Michael, thanks for this,it's a really nice post. Nice to see companies thinking about more than their bottom line. Conduit impressed me before this but this just put them in a league of their own.

8:56 AM  
Anonymous Conduit employee said...

was happy to see them join the company as official employees, especially since they so deserve it personaly and i was familiar with their former rights. Good luck :-)

10:08 AM  
Anonymous Eliran said...

Shapo

10:13 AM  
Blogger Jennifer said...

I'm a Conduit employee, and I must say that this makes me as proud as any other success we may have! Very cool...

12:37 PM  
Blogger Jennifer said...

I'm a Conduit employee, and I must say that this makes me as proud as any success we may achieve! Very cool...

12:39 PM  
Blogger Danny Strelitz said...

It is a moving story in the israeli hi tech industry. shapo to conduit.

2:44 PM  
Blogger Oren Todoros said...

Great read, every business owner should pick up the glove and try to make a difference in their employees lives. Thanks for sharing.

3:07 PM  
Anonymous Mark said...

This is a very nice act of kindness by Conduit. Kol Hakavod!

4:52 PM  
Anonymous Erez said...

Michael - Great post, but I believ u missed the main point. To give an employee a descent salary is NOT a mean to show company values. It is the minimal, right thing to do and the target itself and not a mean to someone else like to show values or maximize company cash value. All other companies are acting like pigs with their eyes shut.

12:11 AM  
Anonymous Dyonna said...

These stories show that our hard work at Bema'aglei Tzedek pays off! Thanks for posting!

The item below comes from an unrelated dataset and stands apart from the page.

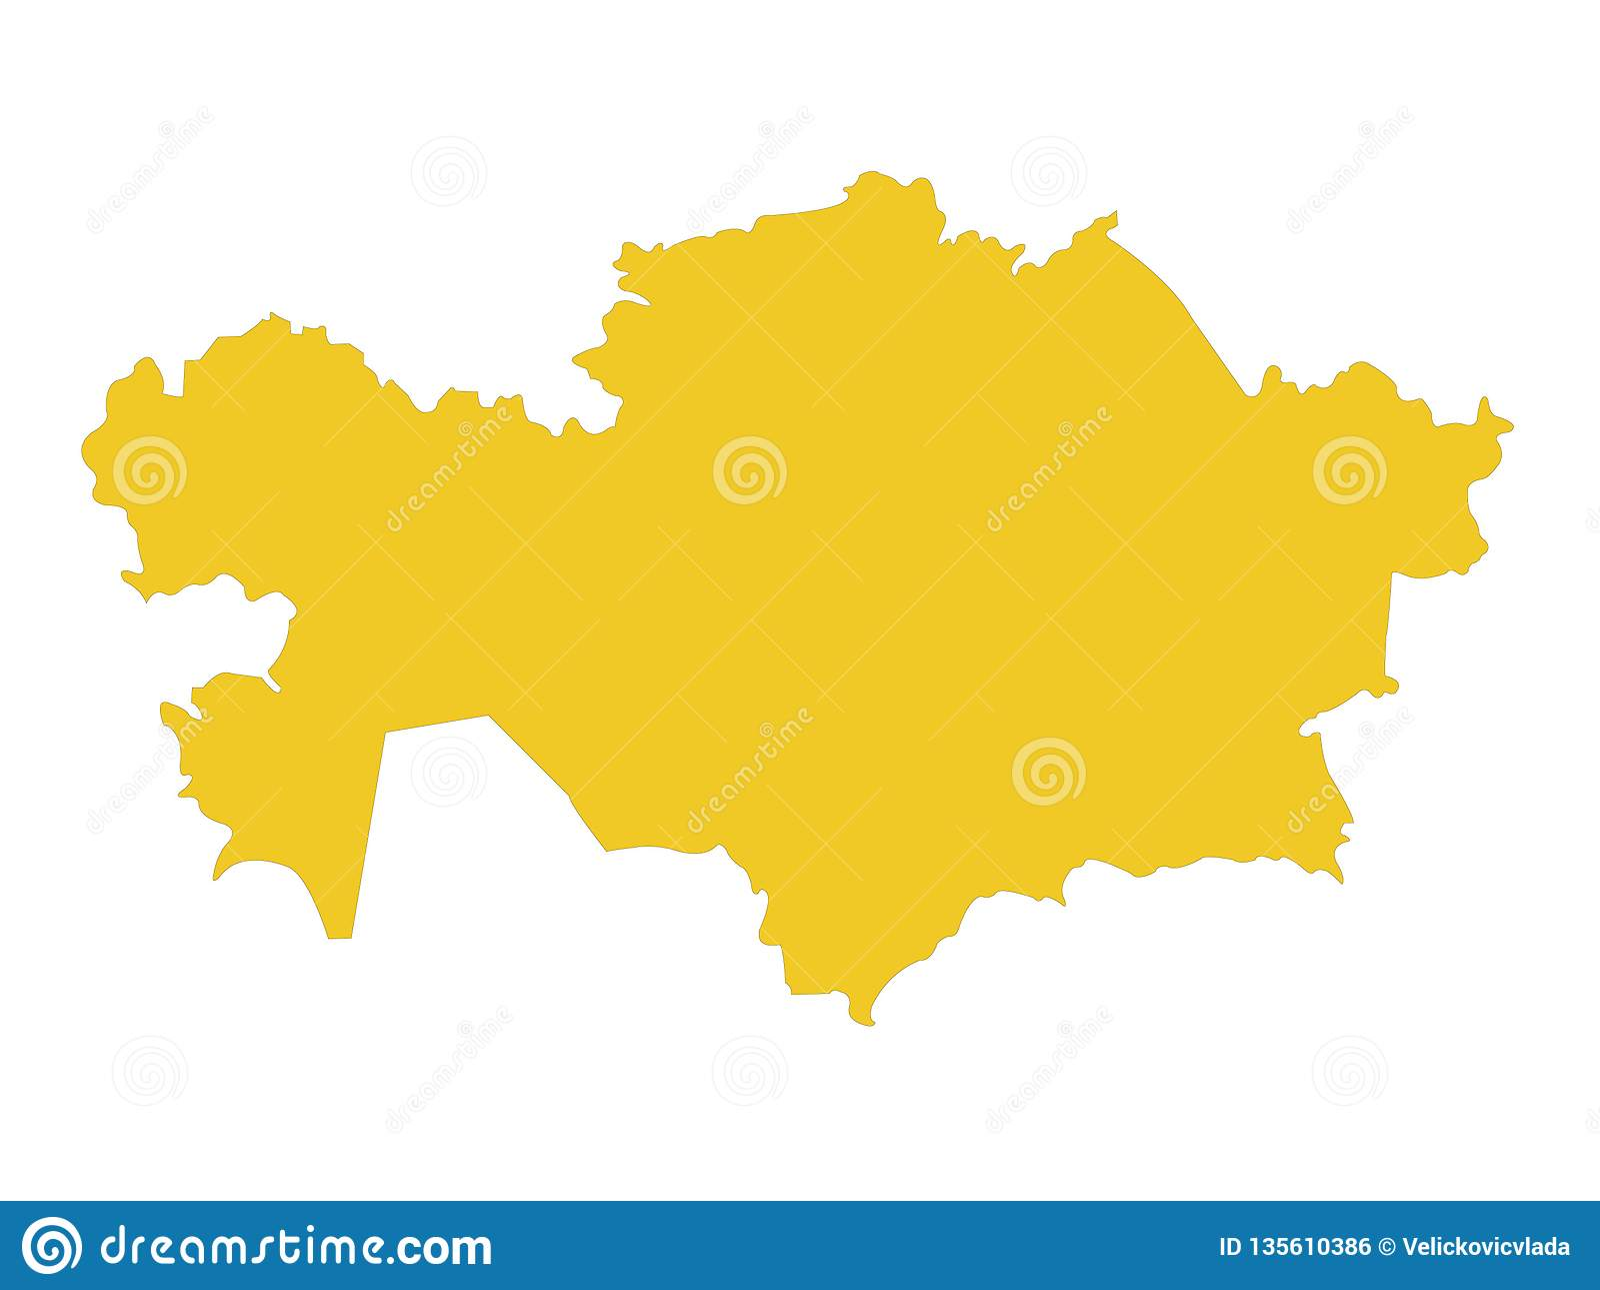 Kazakhstan Map Republic Of Kazakhstan Stock Vector Illustration

For a free, handy, up-to-date guide that explains how your business / workplace can follow suit (or to receive informational packets for Russian, Hebrew and Arabic-speaking cleaning and security personnel), email yaelw@mtzedek.org.il, who oversees our advcoacy work on behalf of contract workers.

7:27 PM  
Blogger tamar said...

Thank you for highlighting a truly socially responsible company. Many companies (even NGOs and government offices) pay lip service to CSR while hiring new staff through manpower agencies to avoid the cost of benefits, but Conduit is setting a leading example by actually caring about those employees who are usually outsourced,uncounted and underpaid.

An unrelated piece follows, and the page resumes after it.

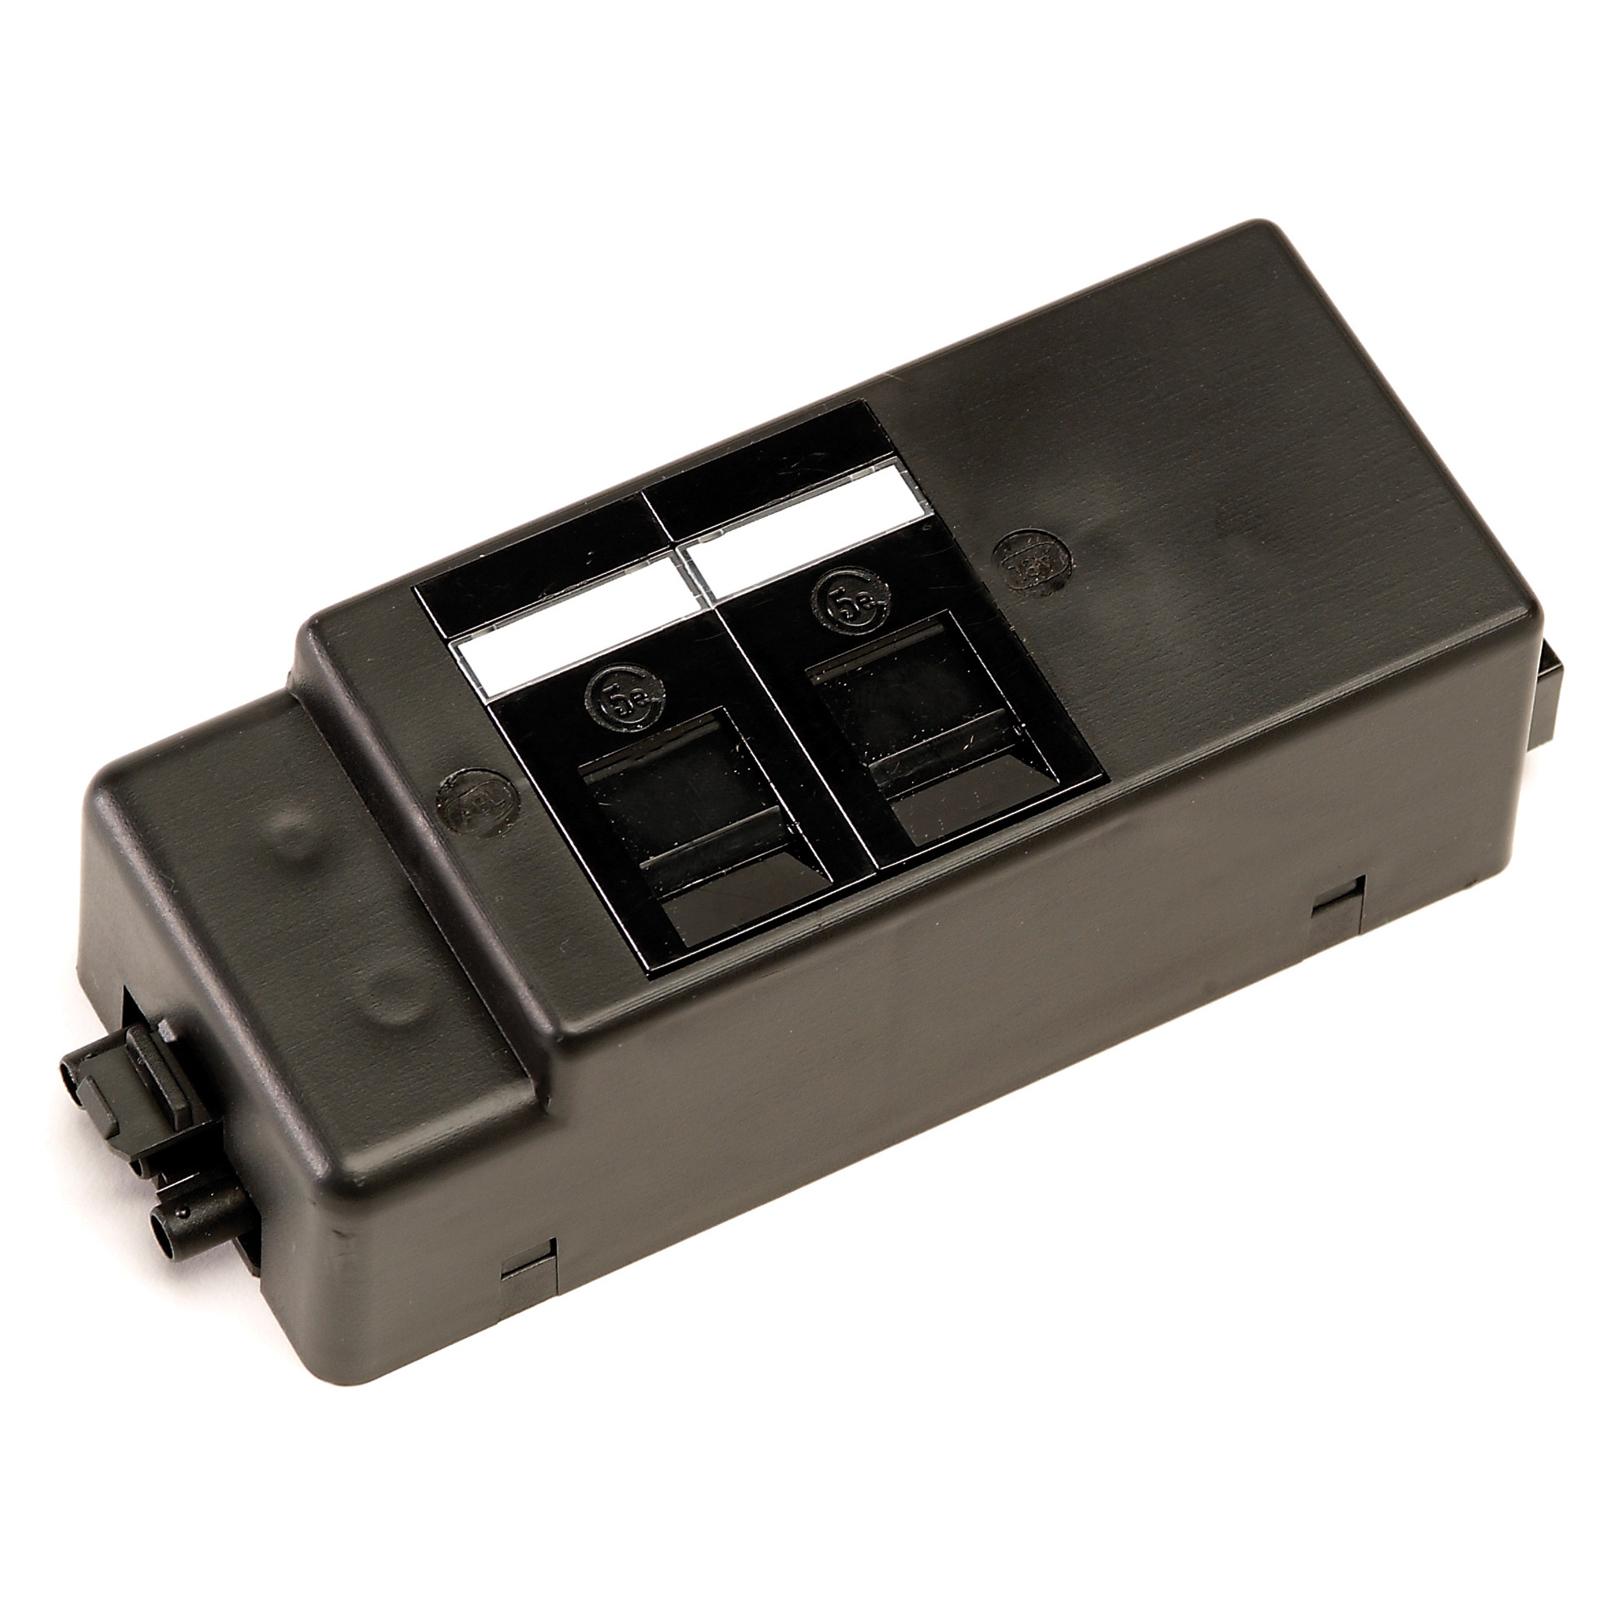 Plug Socket Under desk power bar 2 x RJ45 sockets - black

I hope Conduit creates a new trend in true corporate responsibility.

10:47 PM  
Anonymous JET said...

Good to see some heart and soul

12:03 PM  
Anonymous Anonymous said...

This is nice, but the reality is tha the law deals with this issue and views a contract worker who has worked more that 9 months at the same employer as an employee of the employer entitled to all benefits. The company liked their cleaning staff and rather than have the contract worker firm switch workers, did what they were required to do and took them on as employees.
Will they keep them on? will they lay them off when they lay off 20% of their workers to have a nice press release for a quarterly report? will the rabbis who support b'magalei tzedek insist that the schools they are involved in stop firing teachers every July and re-hiring them in Spetember so that they don't have to pay them severance pay and/or allow them to accrue seniority and tenure? will hi-tech firms stop playing games with "global overtime" payments that do not reflect actual overtime due? will contract call centers stop making workers work overnight shifts in contravention of the law? there are a whole other host of labor issues that have to be dealt with.